Quant: Introduction to SPSS

IBM SPSS aids in the entire quantitative analytical process, which aids in gaining insights on your data, to allow for better data-driven decisions (IBM, n.d.).  SPSS allows for the quick statistical practice and analysis of the data, without getting too focused and bogged by the statistical equations (Field, 2013). SPSS allows the end user to graphically tell a story about their data by discovering hidden relationships for pattern analysis through the table, graphs, charts, and maps that are allowing pivoting (IBM, n.d).  This tool also provides high accuracy, flexibility, and advanced statistical procedures which can be made available through the guided user interface or by allowing programmable options such internal command line syntax and external programming interfaces with R, Python, Java, .NET, etc. for automating procedures (IBM, n.d.).  However, Field (2013), warned that software like SPSS, which can automate statistical equations and procedures should not be used without fully understanding the statistical theory.
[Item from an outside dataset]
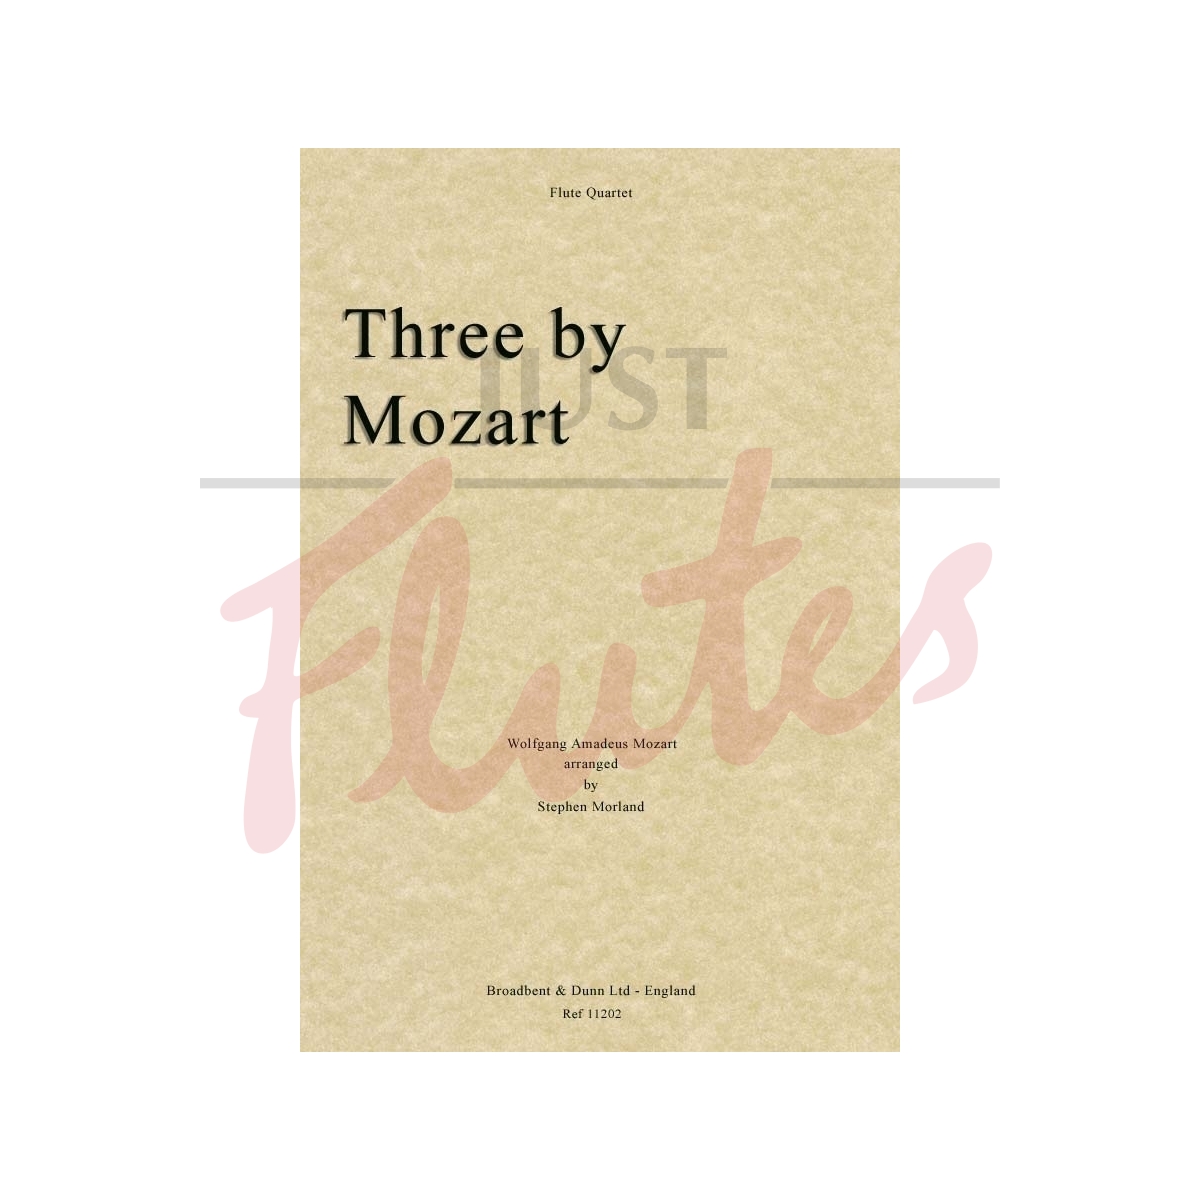 Three by Mozart

Variables and how to insert them into SPSS

A variable is a measurable and observed characteristic, attribute, or object which can differ between time, space, entity, person, organization, etc. (Creswell, 2014; Field, 2013). How these variables interact with other variables helps define what type of variable they are.  There are many types of variables such as dependent variables, independent variables, intervening/mediating variables, moderating variables, control variables, confounding variables, and extraneous variables (Creswell, 2014; Field, 2013). Dependent variables measure the outcome variation and are explained and influenced by independent variables (Schumacker, 2014). Thus, the dependent variables depend on the outcomes of the independent variables (Creswell, 2014).   Independent variables which are those that can be manipulated to help explain the dependent variable’s variation (Schumacker, 2014). Thus, the independent variables are the probable cause, influence, or affect the dependent variable (Creswell, 2014).  Intervening/mediating variables stand between the independent and dependent variable as a probable causal link between the two (Creswell, 2014).  Moderating variables are a type of independent variables that influence the direction or strength between the independent and dependent variables (Cresswell, 2014). Control variables are a type of independent variable that is restricted in some way or another to help find possible influences on the dependent variable.  Confounding variables are not measured or observed, but its influences cannot be detected.  Finally, there are extraneous variables are a type of independent variable, which are not controlled in quasi-experimental research and can influence the variation of the dependent variable (Schumacker, 2014)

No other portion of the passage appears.